Great video, but there is an error in example 3. Since payments are made monthly while interest is compounded annually (i.e. payments are more frequent than interest), the annuity is nominal. This problem cannot be solved using the calculator if P/Y isn't changed.

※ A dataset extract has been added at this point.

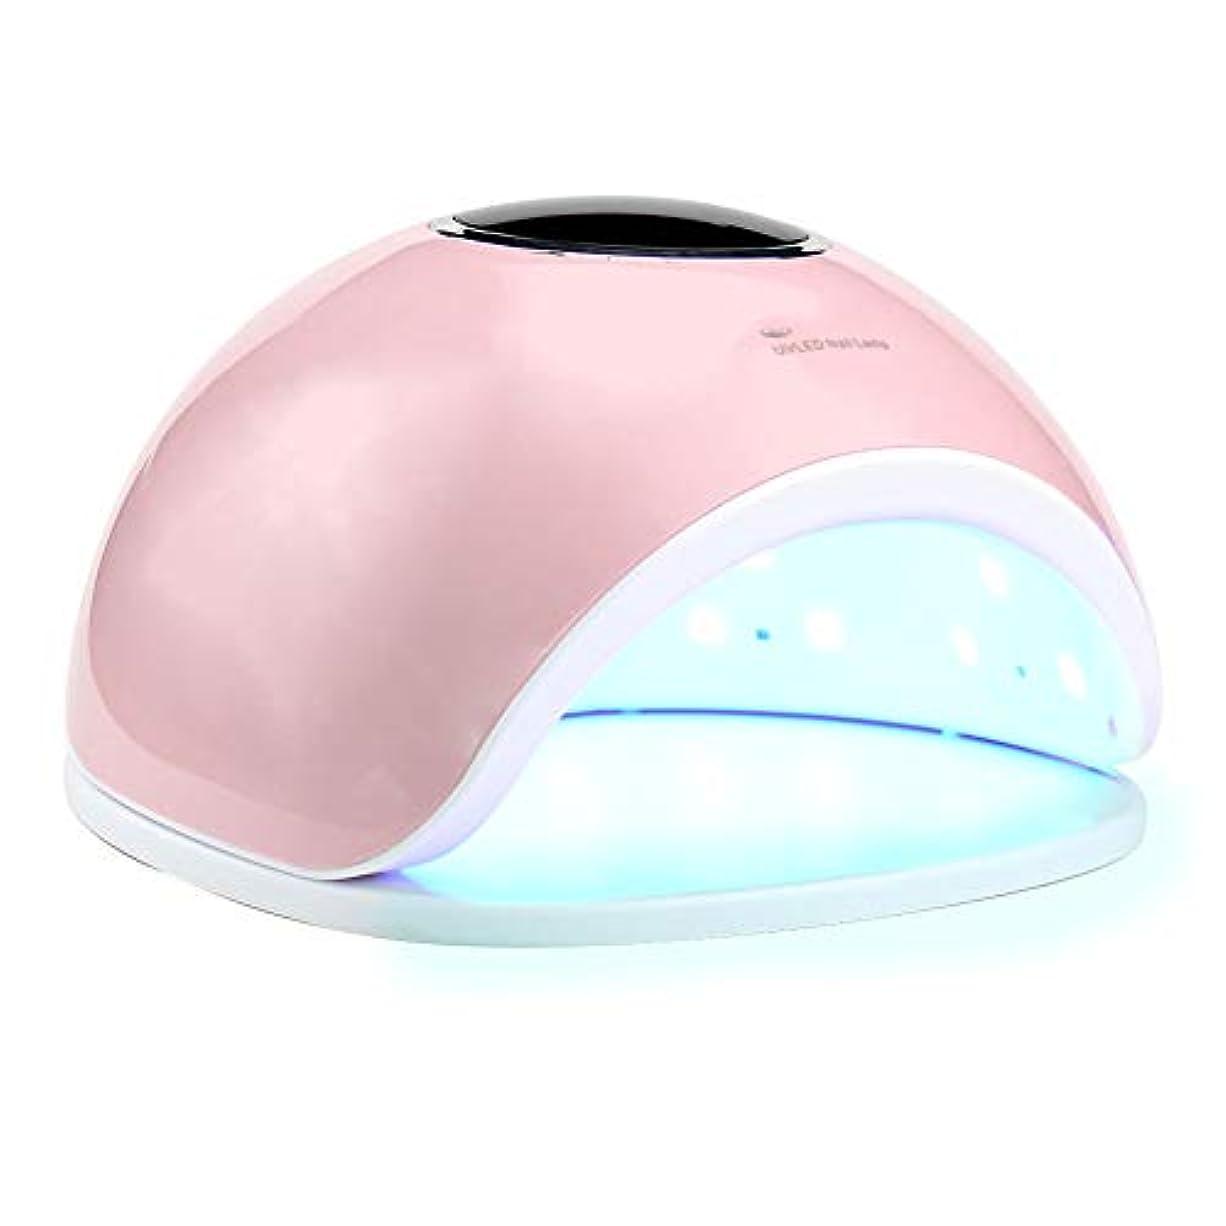 カバレッジ等しい高層ビルネイルドライヤーポータブルネイルライト - ネイル光線療法機33ランプビーズ液晶ディスプレイ無痛モード4タイミング,Pink

• April 21, 2019 at 7:33 am

Oye…I am computing for eg 1 with my ba2 calculator and getting -2848.19. Pls advise

• April 26, 2019 at 9:12 pm

Amazingly clear and concise examples! If only all the youtube video tutorials were this great. Thanks a ton! By the way, your voice and accent are awesome and make this video even better!

• May 3, 2019 at 11:49 am

learn easier and faster here than I do paying for my college degree

• May 12, 2019 at 3:36 am

Well, you certainly made this a lot easier than Texas Instruments' own tutorial shit…

• May 25, 2019 at 8:55 pm

Why I always can't get the correct answer, I followed the instruction step by step. For the first example, i got -2848.1866

• June 13, 2019 at 7:22 am

• June 18, 2019 at 3:10 pm

Thank you so very much! this is the best YouTube video to understand FV and financial calculator

• August 7, 2019 at 12:11 pm

thank you for the simple, straight-forward instruction!

• August 22, 2019 at 3:03 am

Thanks.

• September 9, 2019 at 3:32 pm

Excellent video, thanks a lot. Very clear!